If we go to war and kill the opposing army because we hate them with a passion and want to see them dead on account of it, some would say that is as good as murder. Others would say it is a reality of war and the fog of war. That is why someone once said that “war makes sub-human people out of people.” Yet, as my late dad (who was a combat-ready soldier in the Korean War) once explained, war essentially amounts to kill or be killed.

My father said:

“It’s either them or you. But when you start to see the bodies of your friends piling up, hate can set in.”

Yes, there is “a time to kill,” (Ecclesiastes 3:3). Yet, hate and killing are never to link justifying arms.

Somewhere along the emotional tracks of our anger, hate can certainly take over and steamroll anyone in its way.
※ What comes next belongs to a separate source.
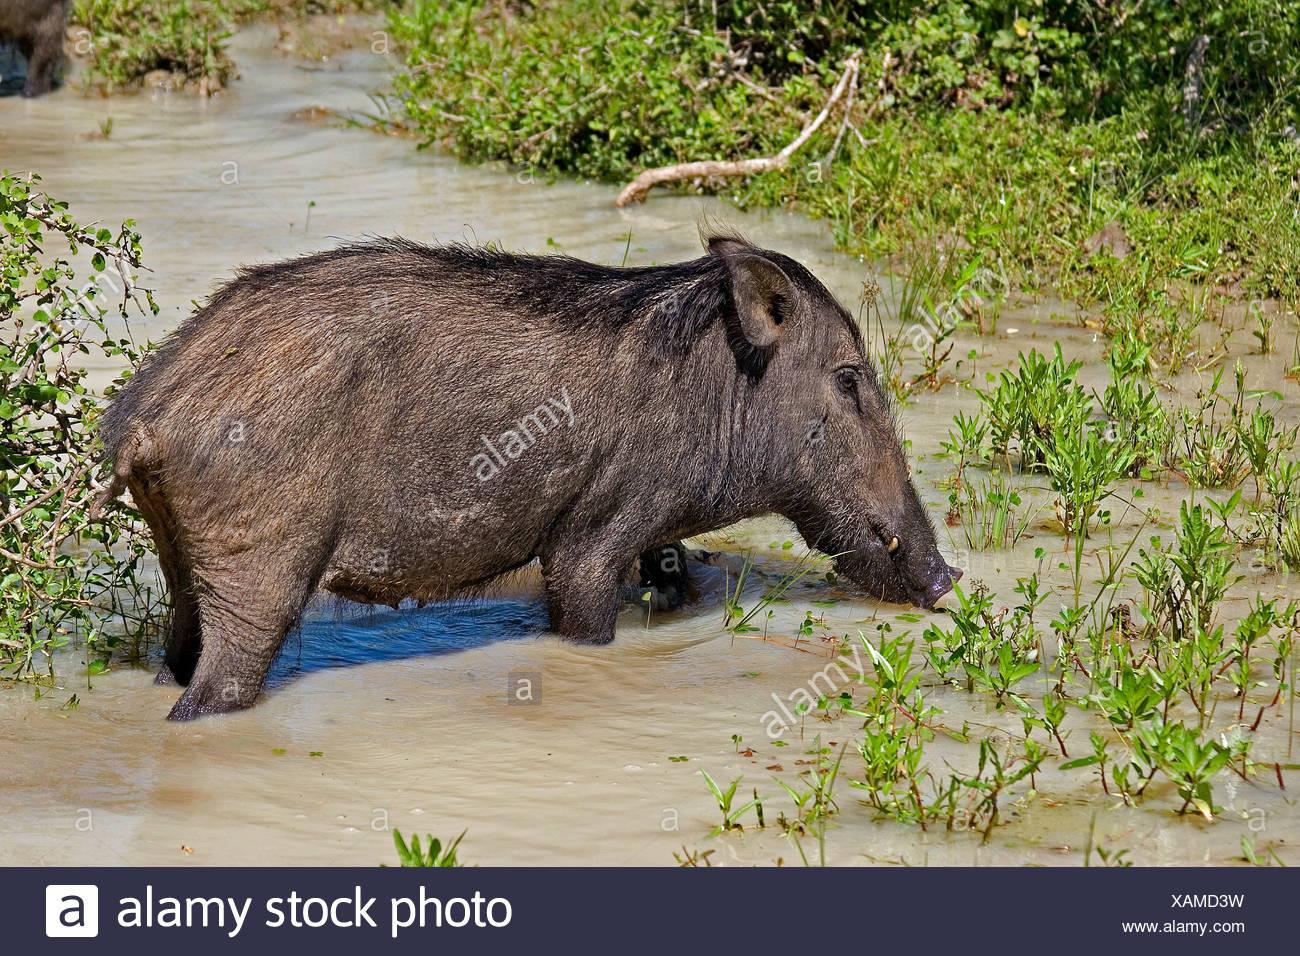 Wild boar sus scrofa Sri Lanka - Stock Image
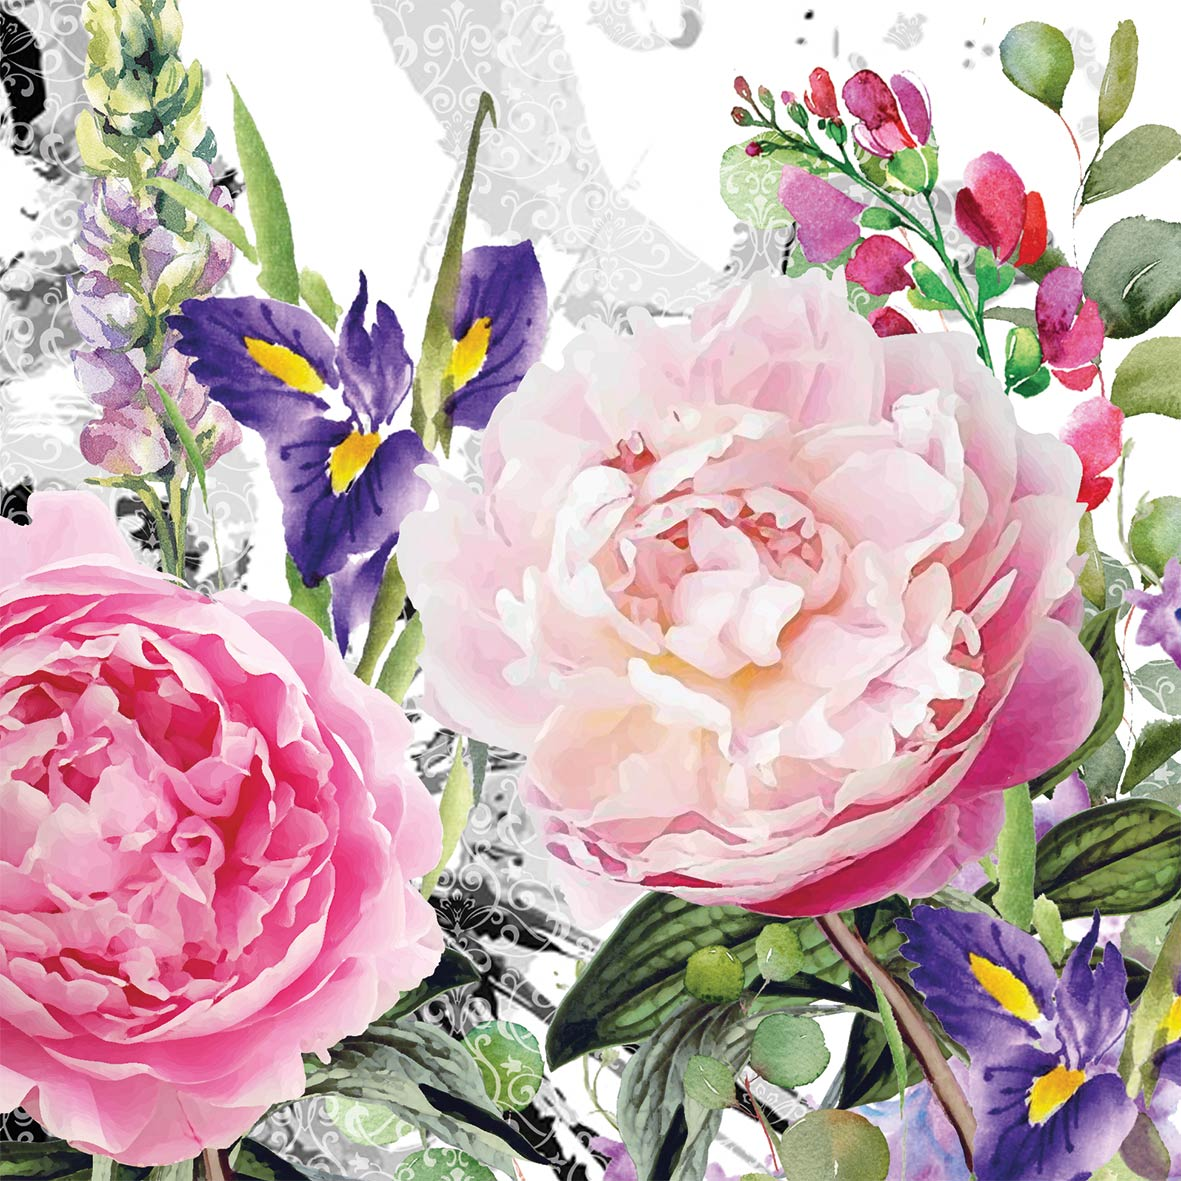 Jardin des roses Napkin 25x25

Hate for others produces a darkness within us that is antithetical to the heart of God.

In 1 John, we’re confronted with the most convicting of scriptural offerings:

“Anyone who claims to be in the light but hates a brother or sister is still in the darkness” (2:9, NIV)

God never wants our feelings towards someone (even if they’re not exactly our favourite person to be around) to be of the hate commodity — hate as we traditionally define it. Also, our love for God is not to be flaccid (see the Laodicean church in Revelation 3), for that will always affect our ability to love others the way He would have us love them.

Yet, the Scripture does permit that there is a “time to hate.” So, what are we to hate, and when are we to hate it?

A time to hate…

It’s easy to “hate” terrorism (it’s not as easy to not hate the terrorist).

It’s easy to hate heinous crimes (it’s not as easy to not hate the actual perpetrator).

It’s easy to hate all the drugs, rap music, porn and violent video games that are toxifying culture and ruining lives (it’s not as easy to love those who inflict and infect others with the vileness of their own bondage).

Here’s the deal, then, with Ecclesiastes 3:8: it is always time to hate what is sin and spiritually destructive to us and others.

Yet, I can’t help but grapple with the elephant in my own life at times, which far too often is accepting of things that are against God — loving what I shouldn’t and not hating enough what God wants to disgust me and repel my heart.

Loving Jacob; hating Esau?

Jonathan Edwards, the Puritan evangelist, once preached a sermon entitled “Those Whom God Hates, He Often Gives Plenty of Things To.” He was referring to the LORD’s hating of Esau in contrast to His love for Jacob (see Malachi 1:1-5). Jacob, of course, was an enormous inheritor and extender of the blessings the LORD promised through His covenant with Abraham. The LORD favoured Jacob over Esau, so much so that Israel (as a nation) would derive its very name from Jacob himself. But that doesn’t mean God despised Esau. In fact, the LORD blessed him immensely (see Genesis 33:9; 36:1–43).

When it comes to Scripture’s teaching, then, that there’s “a time to hate,” a great, general lesson is passed on to us in and through the events surrounding Jacob and Esau.

That is this:

God is often very good to those who are not a part of His Kingdom and its eternal blessings — to those who are unrighteous and unholy, to those who are indifferent to His existence and who vehemently oppose Him.

We are to be likewise.

Loving one’s neighbour (no matter who they are or what they do or what they believe) as one loves oneself, is part of the Great Commandment, after all. In our time of hating sin, we simply have no choice but to not hate those who commit them — even if that sinner grossly sins against us. And when it comes to our own sin, it’s fine to hate what we do that grieves the heart of God. It is never right (nor biblical), however, to hate ourselves on account of it, for not even God does, and it’s He whom we’ve really offended.